**Data section**
Segment Open

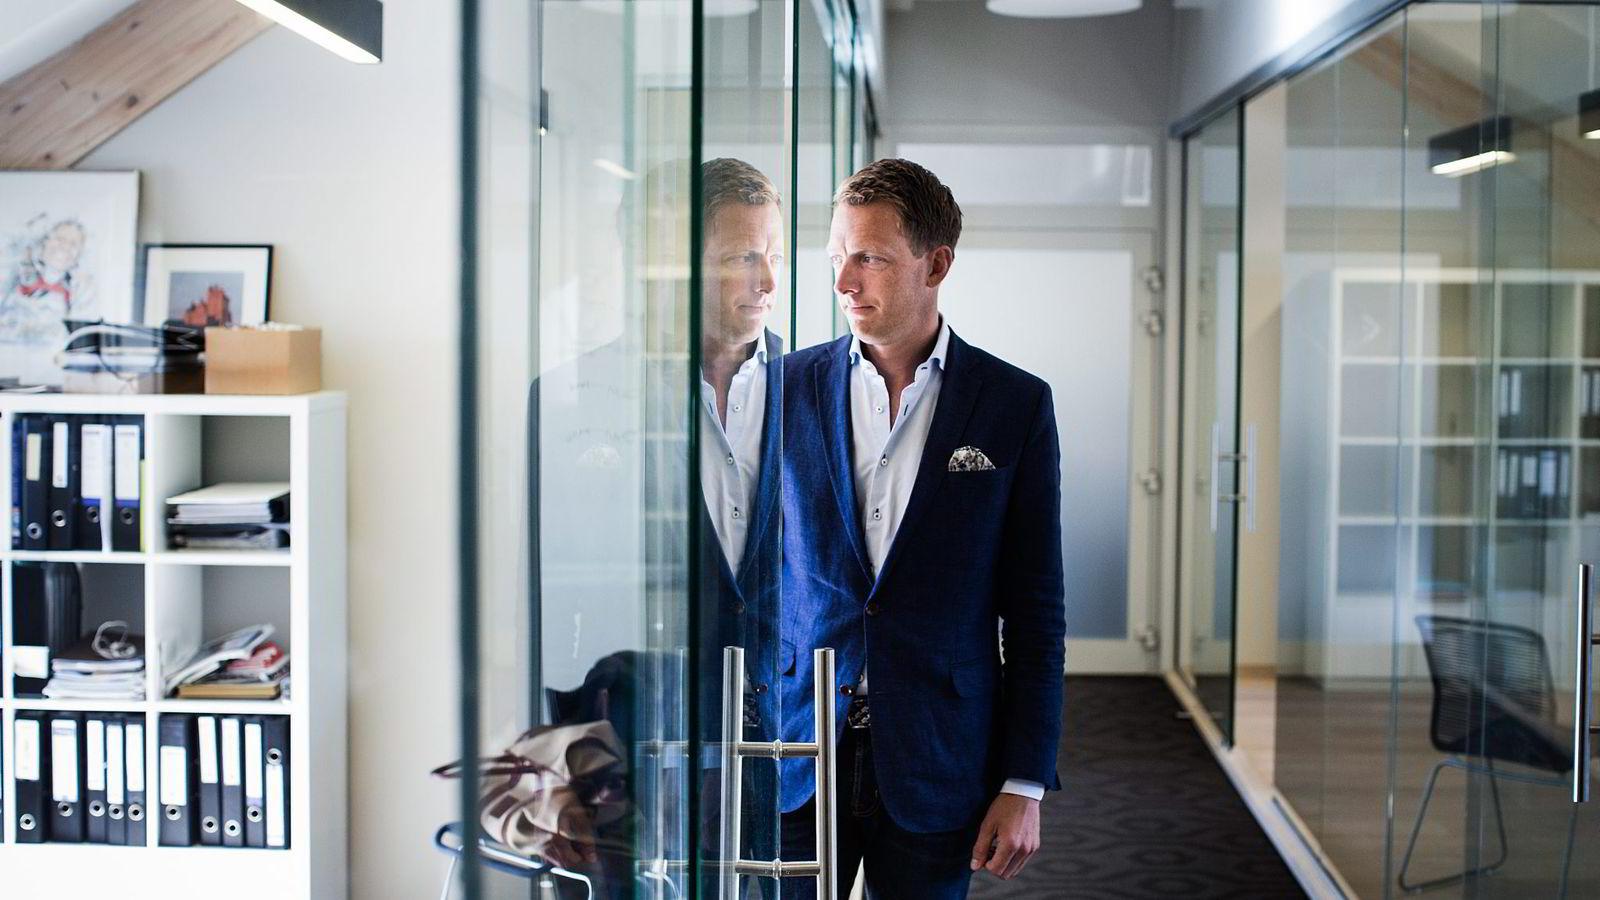 – Å gjennomføre et arrangement er som en live-eksamen, hvor vi har fokus på høy kvalitet, sier daglig leder Jan Axel Syberg i Off Piste. Foto:
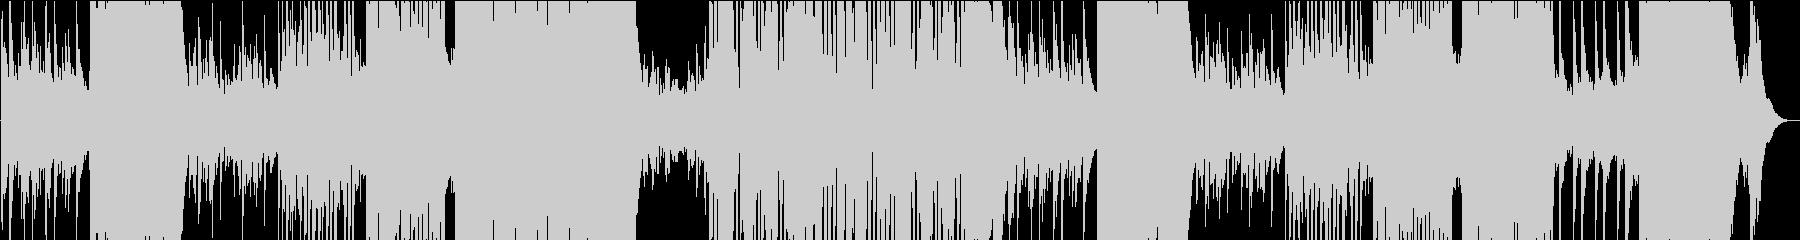 和風琴で奏でるゆったりFutur R&Bの未再生の波形
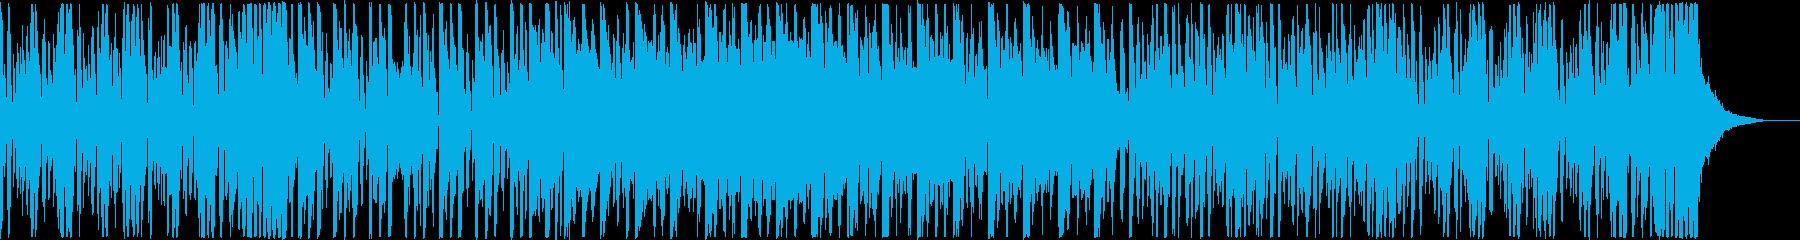 ノリノリの踊れるエレクトロスウィングの再生済みの波形
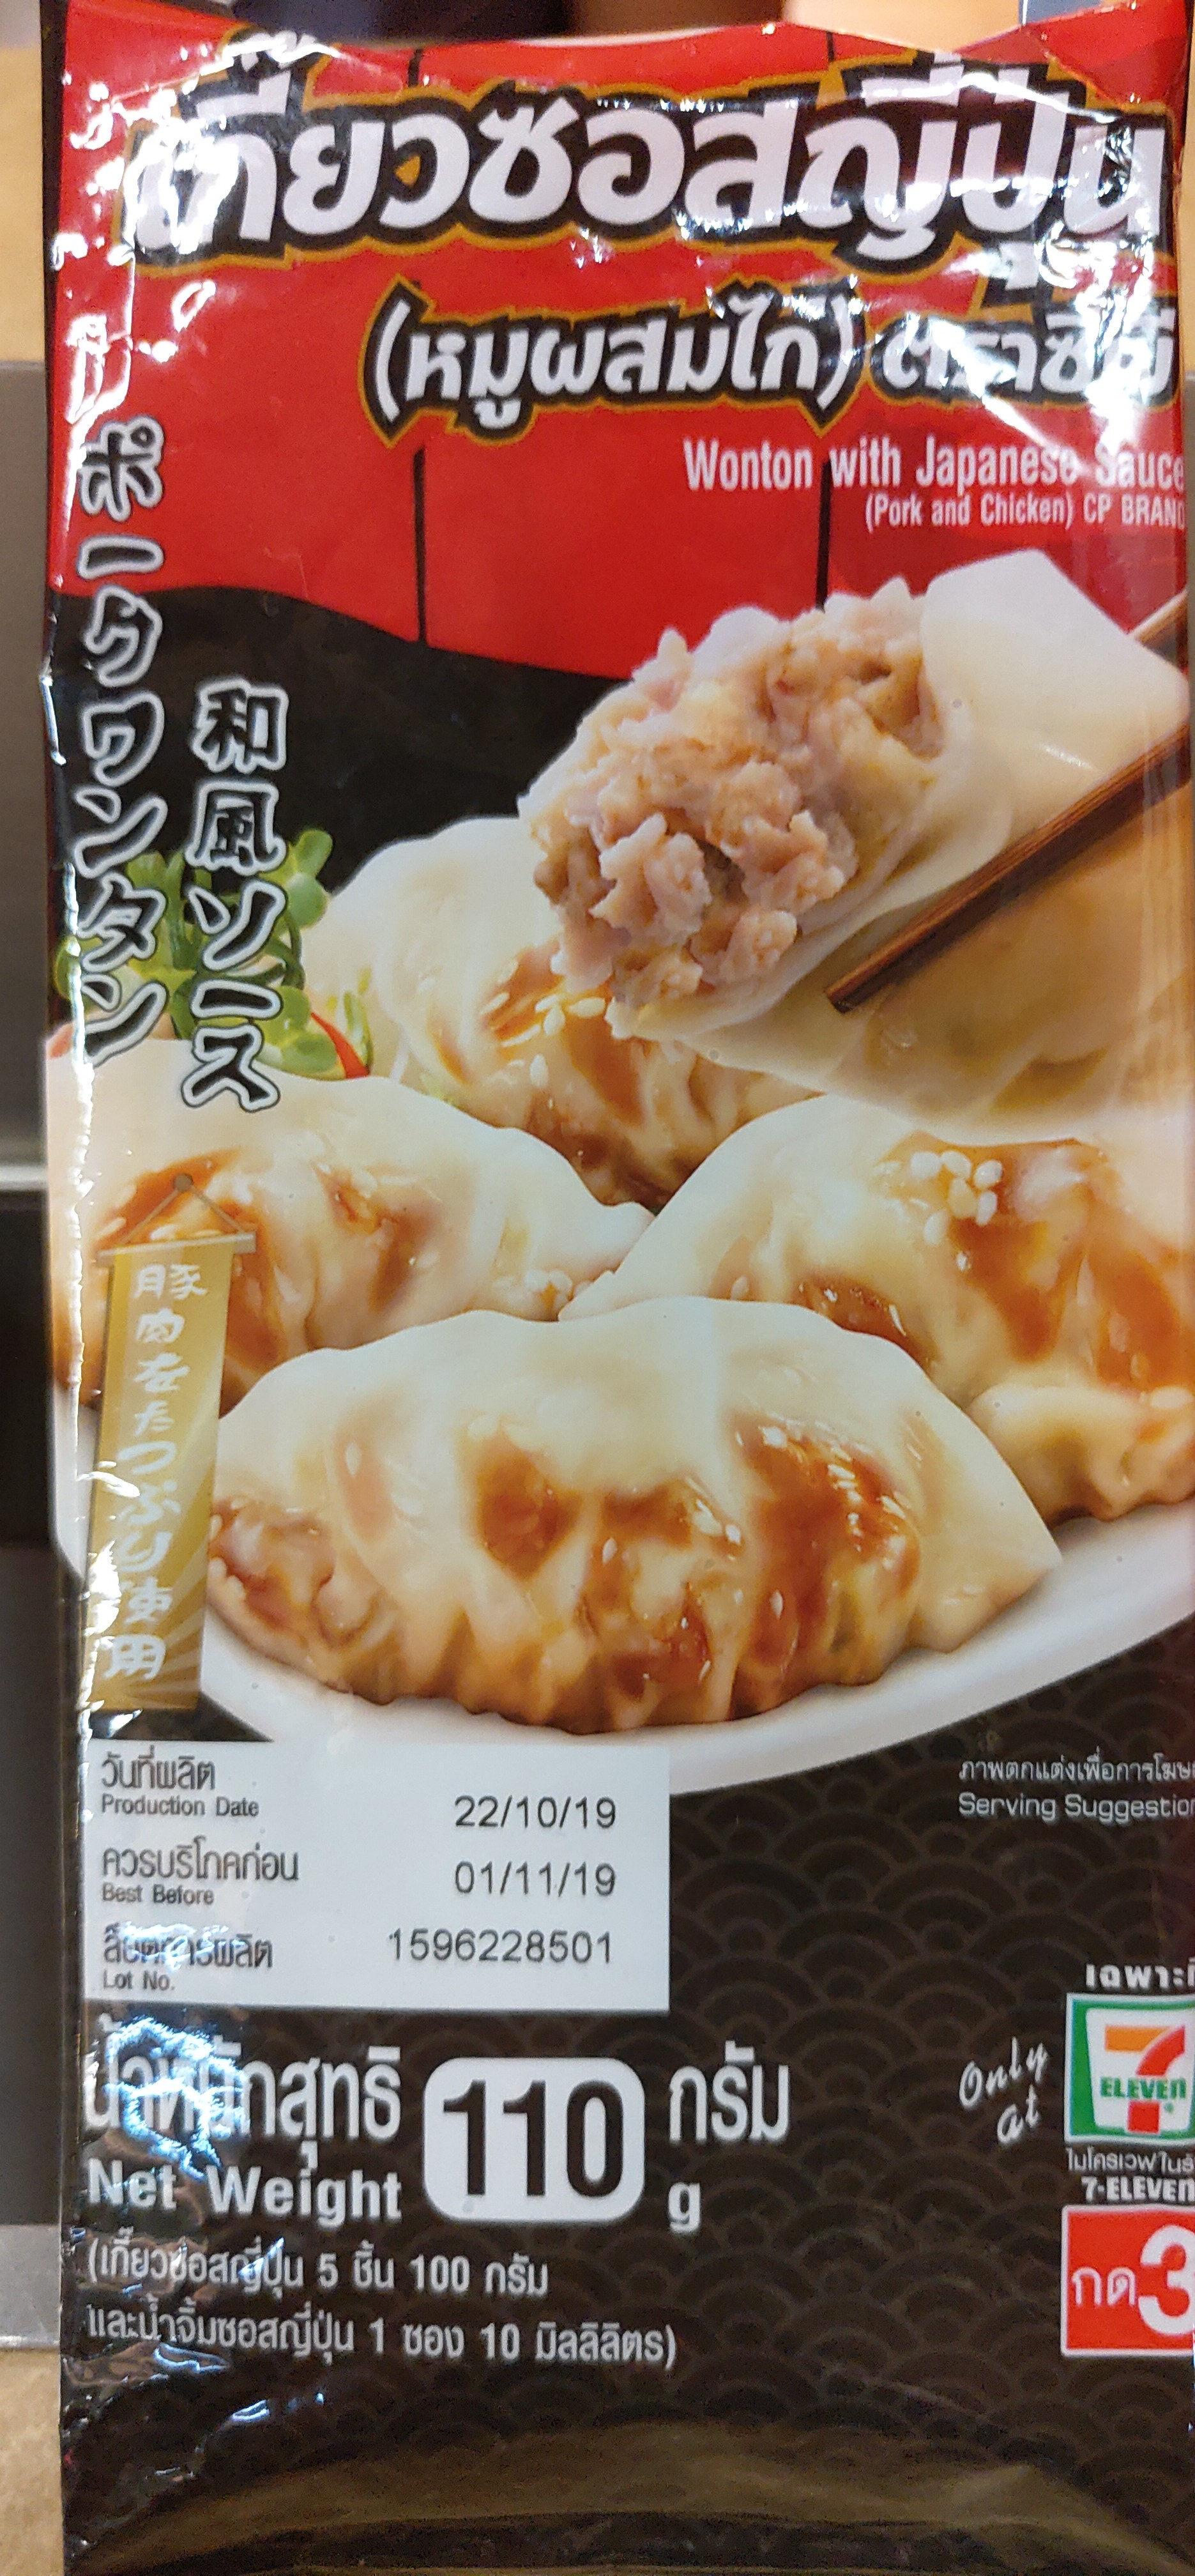 เกี๊ยวซอสญี่ปุ่น - Product - th

Segment Closed

**Description of the task**
Type out the data above again exactly as written, minus the images.

**Answer to the exercise**
 – Å gjennomføre et arrangement er som en live-eksamen, hvor vi har fokus på høy kvalitet, sier daglig leder Jan Axel Syberg i Off Piste. Foto:
 和風琴で奏でるゆったりFutur R&Bの未再生の波形
 ノリノリの踊れるエレクトロスウィングの再生済みの波形
 เกี๊ยวซอสญี่ปุ่น - Product - th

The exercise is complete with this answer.